It's frustrating doing all this investigation and having so much trouble getting traction from the team to actually investigate these very significant problems. I'm surprised that i've had to go do it myself and have to push so hard given how severe the experience is. I'm doing this primarily because i want Roslyn to be well perceived, and because the perf impact when i use it myself is so bad currently. I really wish i could get more support and effort on these reports instead of having to do all this work myself in my spare time.

CyrusNajmabadi on 9 Jul 2018

tagging @jinujoseph @kuhlenh

but, I think we need to set priority first since people are working on other 15.8 issues.

since I don't think we have changed caching since Kyle left the team, our cache behavior should be same since then. so now the question is its impact on code clean up, and I guess that can only be answered by what is current experience on code clean up with default options on with reasonable file size.

heejaechang on 9 Jul 2018

but, I think we need to set priority first since people are working on other 15.8 issues.

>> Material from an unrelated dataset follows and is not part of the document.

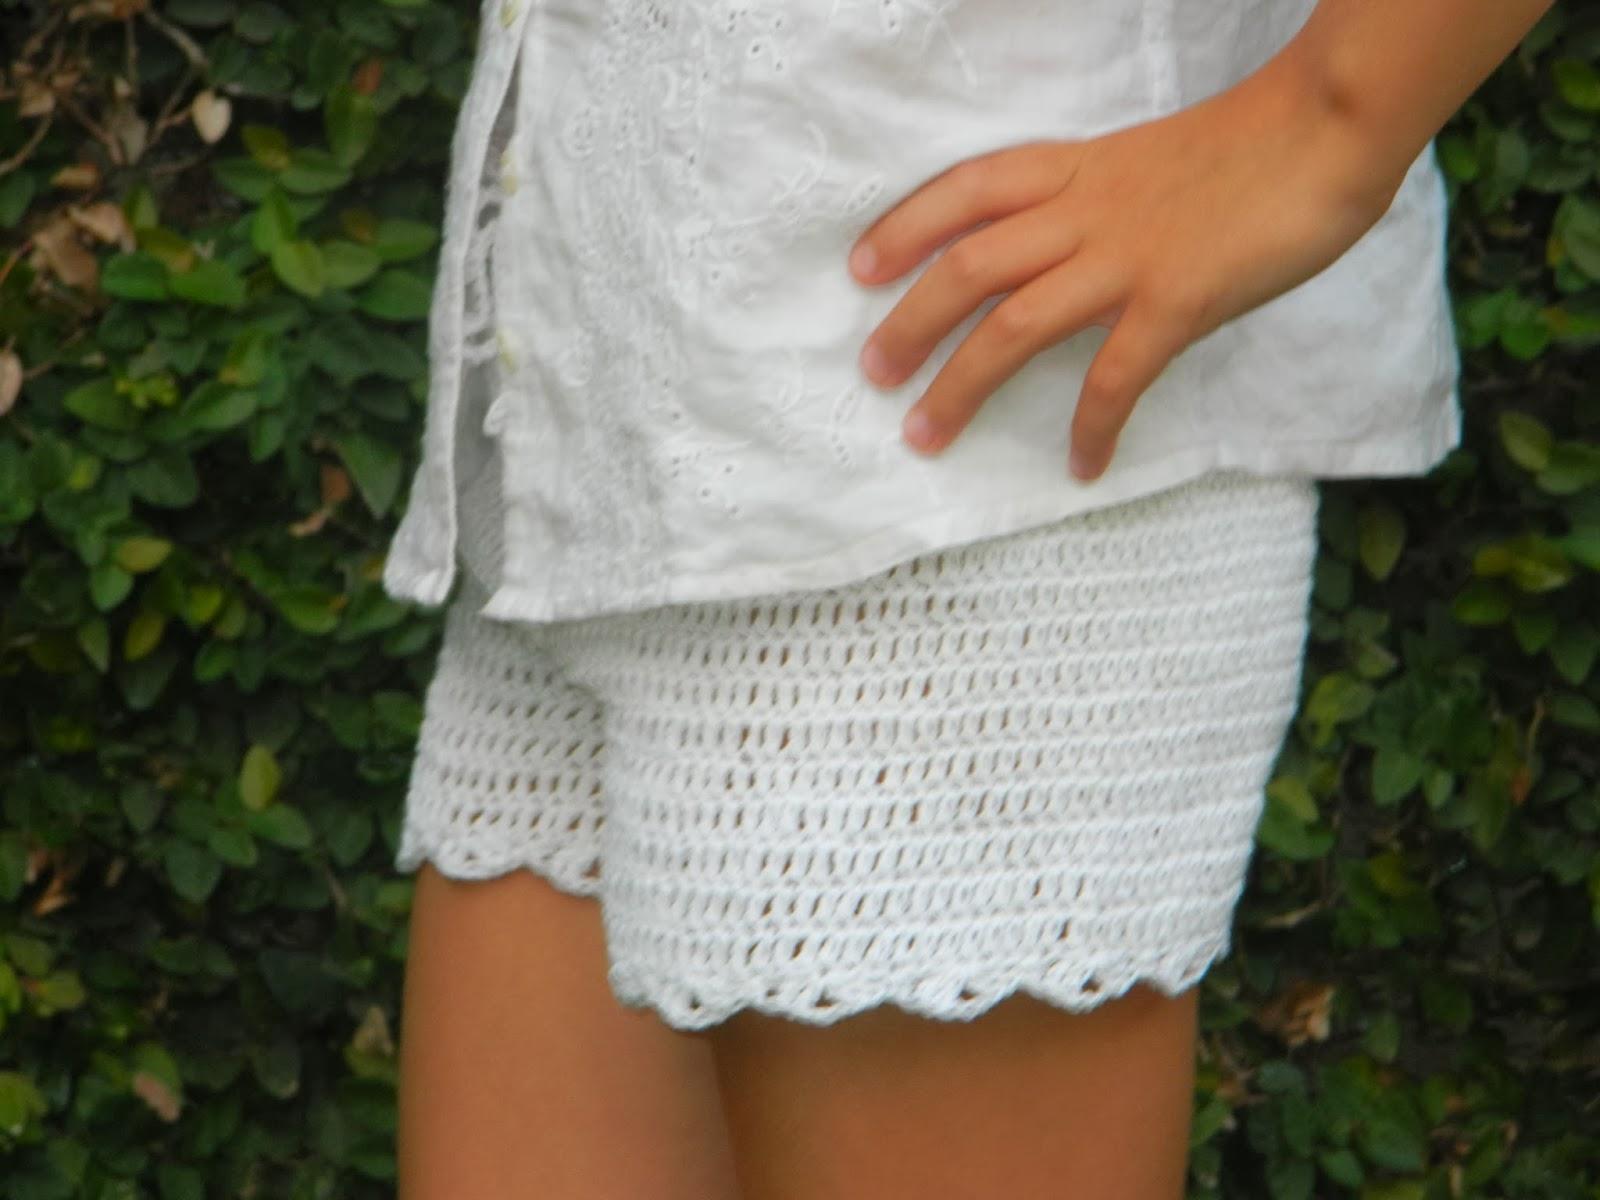 Tejiendo & Pensando: shorts a crochet

I don't think ti's a good idea to ship features that people can turn on that tank performance. Our features shoudl meet an appropriate quality bar, and that means things like being stable, working well, being fast enough, etc. etc.

We don't get to just ship features and then wash our hands of it because someone didn't do a good job on caching years ago. Or because we haven't actually checked off a lot of boxes in a UI. We are shipping the ability for users to actually use this feature and it behooves us to actually ship something usable by them. If a user turns the feature on and the performance is terrible (which is waht it is currently) then that's on us to actually make good.

As long as a user can enable a feature, then that is a real feature that should meet Roslyn standards. And that includes being fast enough to have a good experience.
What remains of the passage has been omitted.